**WHAT YOU ARE ASKED TO DO**. Every single entry that follows is to be retyped exactly.
--- THE RECORDS Enclosed Below ---
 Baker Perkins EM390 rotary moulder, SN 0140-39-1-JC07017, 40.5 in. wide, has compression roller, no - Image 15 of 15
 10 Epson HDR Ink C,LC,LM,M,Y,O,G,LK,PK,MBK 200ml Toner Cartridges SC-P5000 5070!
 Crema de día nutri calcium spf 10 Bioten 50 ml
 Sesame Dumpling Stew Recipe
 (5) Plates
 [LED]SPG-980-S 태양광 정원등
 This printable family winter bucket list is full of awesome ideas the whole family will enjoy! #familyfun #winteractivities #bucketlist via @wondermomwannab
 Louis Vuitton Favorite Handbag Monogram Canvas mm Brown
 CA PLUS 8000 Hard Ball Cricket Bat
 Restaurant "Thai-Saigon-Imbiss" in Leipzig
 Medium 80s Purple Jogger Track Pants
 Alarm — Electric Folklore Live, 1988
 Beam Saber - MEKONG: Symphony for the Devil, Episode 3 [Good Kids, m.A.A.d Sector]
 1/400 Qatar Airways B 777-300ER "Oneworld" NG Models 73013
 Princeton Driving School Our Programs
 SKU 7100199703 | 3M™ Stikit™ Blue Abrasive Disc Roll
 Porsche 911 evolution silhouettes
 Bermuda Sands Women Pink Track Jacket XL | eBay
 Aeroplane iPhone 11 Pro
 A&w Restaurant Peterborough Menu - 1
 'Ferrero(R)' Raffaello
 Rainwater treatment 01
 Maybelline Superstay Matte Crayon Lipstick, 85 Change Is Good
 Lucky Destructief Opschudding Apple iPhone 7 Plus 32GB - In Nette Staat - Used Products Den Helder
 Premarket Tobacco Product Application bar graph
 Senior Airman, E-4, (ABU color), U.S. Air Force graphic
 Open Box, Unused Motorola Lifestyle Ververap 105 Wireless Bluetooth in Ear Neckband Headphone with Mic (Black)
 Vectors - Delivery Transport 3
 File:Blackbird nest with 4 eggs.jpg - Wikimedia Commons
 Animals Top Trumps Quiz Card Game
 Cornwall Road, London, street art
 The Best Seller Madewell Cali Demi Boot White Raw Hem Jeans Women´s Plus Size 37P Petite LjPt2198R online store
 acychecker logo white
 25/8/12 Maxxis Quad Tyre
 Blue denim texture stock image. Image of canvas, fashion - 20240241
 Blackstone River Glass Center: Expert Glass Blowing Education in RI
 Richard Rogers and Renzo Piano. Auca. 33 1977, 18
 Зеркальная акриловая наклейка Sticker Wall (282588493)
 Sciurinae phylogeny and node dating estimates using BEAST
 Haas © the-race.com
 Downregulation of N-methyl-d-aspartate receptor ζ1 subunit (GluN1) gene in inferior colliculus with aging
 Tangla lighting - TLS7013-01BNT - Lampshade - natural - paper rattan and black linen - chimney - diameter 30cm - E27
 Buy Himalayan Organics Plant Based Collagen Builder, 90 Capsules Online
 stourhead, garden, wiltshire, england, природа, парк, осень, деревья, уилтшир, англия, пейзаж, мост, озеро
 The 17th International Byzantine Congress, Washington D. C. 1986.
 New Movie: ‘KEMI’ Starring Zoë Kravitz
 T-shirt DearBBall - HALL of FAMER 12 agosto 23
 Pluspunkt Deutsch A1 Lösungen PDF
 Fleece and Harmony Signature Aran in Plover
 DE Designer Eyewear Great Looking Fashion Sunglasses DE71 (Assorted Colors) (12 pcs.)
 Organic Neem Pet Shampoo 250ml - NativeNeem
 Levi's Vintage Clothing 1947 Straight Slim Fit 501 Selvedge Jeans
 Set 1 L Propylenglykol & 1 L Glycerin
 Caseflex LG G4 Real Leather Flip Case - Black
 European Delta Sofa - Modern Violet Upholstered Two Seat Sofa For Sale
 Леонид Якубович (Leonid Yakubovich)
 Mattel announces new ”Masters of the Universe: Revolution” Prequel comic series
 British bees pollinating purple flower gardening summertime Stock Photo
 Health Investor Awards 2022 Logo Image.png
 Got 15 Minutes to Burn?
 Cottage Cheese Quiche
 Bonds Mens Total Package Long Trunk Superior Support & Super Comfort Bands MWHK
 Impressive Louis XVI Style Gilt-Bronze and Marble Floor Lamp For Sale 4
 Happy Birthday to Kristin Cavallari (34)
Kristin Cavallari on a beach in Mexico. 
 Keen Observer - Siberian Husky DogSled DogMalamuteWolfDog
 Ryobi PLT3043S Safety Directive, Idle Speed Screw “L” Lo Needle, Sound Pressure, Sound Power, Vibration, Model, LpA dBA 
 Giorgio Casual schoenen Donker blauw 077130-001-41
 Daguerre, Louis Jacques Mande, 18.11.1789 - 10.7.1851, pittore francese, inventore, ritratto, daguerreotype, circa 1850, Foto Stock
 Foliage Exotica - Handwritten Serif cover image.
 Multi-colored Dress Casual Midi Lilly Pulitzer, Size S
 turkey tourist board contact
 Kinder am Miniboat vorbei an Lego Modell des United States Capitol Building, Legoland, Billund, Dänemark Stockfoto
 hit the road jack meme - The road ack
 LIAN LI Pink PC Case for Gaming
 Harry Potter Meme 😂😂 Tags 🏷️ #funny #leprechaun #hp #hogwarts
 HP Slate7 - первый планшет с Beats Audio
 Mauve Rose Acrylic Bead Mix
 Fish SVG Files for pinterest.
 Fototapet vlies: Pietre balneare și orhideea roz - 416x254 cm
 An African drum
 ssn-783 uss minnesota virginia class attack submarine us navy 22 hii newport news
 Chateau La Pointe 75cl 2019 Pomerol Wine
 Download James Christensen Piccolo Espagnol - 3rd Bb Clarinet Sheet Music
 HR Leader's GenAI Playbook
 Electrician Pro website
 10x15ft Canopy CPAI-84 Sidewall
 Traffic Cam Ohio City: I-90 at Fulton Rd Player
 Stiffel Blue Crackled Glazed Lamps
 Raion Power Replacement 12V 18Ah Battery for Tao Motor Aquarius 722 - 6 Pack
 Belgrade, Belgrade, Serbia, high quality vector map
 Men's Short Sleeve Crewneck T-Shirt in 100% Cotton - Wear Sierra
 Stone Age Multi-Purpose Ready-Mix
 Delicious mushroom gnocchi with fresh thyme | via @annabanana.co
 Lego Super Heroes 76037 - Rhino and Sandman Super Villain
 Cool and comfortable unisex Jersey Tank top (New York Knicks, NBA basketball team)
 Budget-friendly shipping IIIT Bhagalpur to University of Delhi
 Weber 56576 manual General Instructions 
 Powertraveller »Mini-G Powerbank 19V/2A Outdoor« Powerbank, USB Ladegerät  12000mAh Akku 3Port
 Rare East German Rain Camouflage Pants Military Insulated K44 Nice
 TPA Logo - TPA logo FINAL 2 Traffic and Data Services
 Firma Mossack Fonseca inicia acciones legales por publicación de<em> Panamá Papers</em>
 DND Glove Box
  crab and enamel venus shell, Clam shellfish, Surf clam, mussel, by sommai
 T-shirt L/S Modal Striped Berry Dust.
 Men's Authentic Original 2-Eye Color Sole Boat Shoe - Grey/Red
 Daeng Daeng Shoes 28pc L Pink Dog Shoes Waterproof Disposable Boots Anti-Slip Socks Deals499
--- End of Enclosed THE RECORDS ---
**REPLY TO THE TASK**.
 Baker Perkins EM390 rotary moulder, SN 0140-39-1-JC07017, 40.5 in. wide, has compression roller, no - Image 15 of 15
 10 Epson HDR Ink C,LC,LM,M,Y,O,G,LK,PK,MBK 200ml Toner Cartridges SC-P5000 5070!
 Crema de día nutri calcium spf 10 Bioten 50 ml
 Sesame Dumpling Stew Recipe
 (5) Plates
 [LED]SPG-980-S 태양광 정원등
 This printable family winter bucket list is full of awesome ideas the whole family will enjoy! #familyfun #winteractivities #bucketlist via @wondermomwannab
 Louis Vuitton Favorite Handbag Monogram Canvas mm Brown
 CA PLUS 8000 Hard Ball Cricket Bat
 Restaurant "Thai-Saigon-Imbiss" in Leipzig
 Medium 80s Purple Jogger Track Pants
 Alarm — Electric Folklore Live, 1988
 Beam Saber - MEKONG: Symphony for the Devil, Episode 3 [Good Kids, m.A.A.d Sector]
 1/400 Qatar Airways B 777-300ER "Oneworld" NG Models 73013
 Princeton Driving School Our Programs
 SKU 7100199703 | 3M™ Stikit™ Blue Abrasive Disc Roll
 Porsche 911 evolution silhouettes
 Bermuda Sands Women Pink Track Jacket XL | eBay
 Aeroplane iPhone 11 Pro
 A&w Restaurant Peterborough Menu - 1
 'Ferrero(R)' Raffaello
 Rainwater treatment 01
 Maybelline Superstay Matte Crayon Lipstick, 85 Change Is Good
 Lucky Destructief Opschudding Apple iPhone 7 Plus 32GB - In Nette Staat - Used Products Den Helder
 Premarket Tobacco Product Application bar graph
 Senior Airman, E-4, (ABU color), U.S. Air Force graphic
 Open Box, Unused Motorola Lifestyle Ververap 105 Wireless Bluetooth in Ear Neckband Headphone with Mic (Black)
 Vectors - Delivery Transport 3
 File:Blackbird nest with 4 eggs.jpg - Wikimedia Commons
 Animals Top Trumps Quiz Card Game
 Cornwall Road, London, street art
 The Best Seller Madewell Cali Demi Boot White Raw Hem Jeans Women´s Plus Size 37P Petite LjPt2198R online store
 acychecker logo white
 25/8/12 Maxxis Quad Tyre
 Blue denim texture stock image. Image of canvas, fashion - 20240241
 Blackstone River Glass Center: Expert Glass Blowing Education in RI
 Richard Rogers and Renzo Piano. Auca. 33 1977, 18
 Зеркальная акриловая наклейка Sticker Wall (282588493)
 Sciurinae phylogeny and node dating estimates using BEAST
 Haas © the-race.com
 Downregulation of N-methyl-d-aspartate receptor ζ1 subunit (GluN1) gene in inferior colliculus with aging
 Tangla lighting - TLS7013-01BNT - Lampshade - natural - paper rattan and black linen - chimney - diameter 30cm - E27
 Buy Himalayan Organics Plant Based Collagen Builder, 90 Capsules Online
 stourhead, garden, wiltshire, england, природа, парк, осень, деревья, уилтшир, англия, пейзаж, мост, озеро
 The 17th International Byzantine Congress, Washington D. C. 1986.
 New Movie: ‘KEMI’ Starring Zoë Kravitz
 T-shirt DearBBall - HALL of FAMER 12 agosto 23
 Pluspunkt Deutsch A1 Lösungen PDF
 Fleece and Harmony Signature Aran in Plover
 DE Designer Eyewear Great Looking Fashion Sunglasses DE71 (Assorted Colors) (12 pcs.)
 Organic Neem Pet Shampoo 250ml - NativeNeem
 Levi's Vintage Clothing 1947 Straight Slim Fit 501 Selvedge Jeans
 Set 1 L Propylenglykol & 1 L Glycerin
 Caseflex LG G4 Real Leather Flip Case - Black
 European Delta Sofa - Modern Violet Upholstered Two Seat Sofa For Sale
 Леонид Якубович (Leonid Yakubovich)
 Mattel announces new ”Masters of the Universe: Revolution” Prequel comic series
 British bees pollinating purple flower gardening summertime Stock Photo
 Health Investor Awards 2022 Logo Image.png
 Got 15 Minutes to Burn?
 Cottage Cheese Quiche
 Bonds Mens Total Package Long Trunk Superior Support & Super Comfort Bands MWHK
 Impressive Louis XVI Style Gilt-Bronze and Marble Floor Lamp For Sale 4
 Happy Birthday to Kristin Cavallari (34)
Kristin Cavallari on a beach in Mexico. 
 Keen Observer - Siberian Husky DogSled DogMalamuteWolfDog
 Ryobi PLT3043S Safety Directive, Idle Speed Screw “L” Lo Needle, Sound Pressure, Sound Power, Vibration, Model, LpA dBA 
 Giorgio Casual schoenen Donker blauw 077130-001-41
 Daguerre, Louis Jacques Mande, 18.11.1789 - 10.7.1851, pittore francese, inventore, ritratto, daguerreotype, circa 1850, Foto Stock
 Foliage Exotica - Handwritten Serif cover image.
 Multi-colored Dress Casual Midi Lilly Pulitzer, Size S
 turkey tourist board contact
 Kinder am Miniboat vorbei an Lego Modell des United States Capitol Building, Legoland, Billund, Dänemark Stockfoto
 hit the road jack meme - The road ack
 LIAN LI Pink PC Case for Gaming
 Harry Potter Meme 😂😂 Tags 🏷️ #funny #leprechaun #hp #hogwarts
 HP Slate7 - первый планшет с Beats Audio
 Mauve Rose Acrylic Bead Mix
 Fish SVG Files for pinterest.
 Fototapet vlies: Pietre balneare și orhideea roz - 416x254 cm
 An African drum
 ssn-783 uss minnesota virginia class attack submarine us navy 22 hii newport news
 Chateau La Pointe 75cl 2019 Pomerol Wine
 Download James Christensen Piccolo Espagnol - 3rd Bb Clarinet Sheet Music
 HR Leader's GenAI Playbook
 Electrician Pro website
 10x15ft Canopy CPAI-84 Sidewall
 Traffic Cam Ohio City: I-90 at Fulton Rd Player
 Stiffel Blue Crackled Glazed Lamps
 Raion Power Replacement 12V 18Ah Battery for Tao Motor Aquarius 722 - 6 Pack
 Belgrade, Belgrade, Serbia, high quality vector map
 Men's Short Sleeve Crewneck T-Shirt in 100% Cotton - Wear Sierra
 Stone Age Multi-Purpose Ready-Mix
 Delicious mushroom gnocchi with fresh thyme | via @annabanana.co
 Lego Super Heroes 76037 - Rhino and Sandman Super Villain
 Cool and comfortable unisex Jersey Tank top (New York Knicks, NBA basketball team)
 Budget-friendly shipping IIIT Bhagalpur to University of Delhi
 Weber 56576 manual General Instructions 
 Powertraveller »Mini-G Powerbank 19V/2A Outdoor« Powerbank, USB Ladegerät  12000mAh Akku 3Port
 Rare East German Rain Camouflage Pants Military Insulated K44 Nice
 TPA Logo - TPA logo FINAL 2 Traffic and Data Services
 Firma Mossack Fonseca inicia acciones legales por publicación de<em> Panamá Papers</em>
 DND Glove Box
  crab and enamel venus shell, Clam shellfish, Surf clam, mussel, by sommai
 T-shirt L/S Modal Striped Berry Dust.
 Men's Authentic Original 2-Eye Color Sole Boat Shoe - Grey/Red
 Daeng Daeng Shoes 28pc L Pink Dog Shoes Waterproof Disposable Boots Anti-Slip Socks Deals499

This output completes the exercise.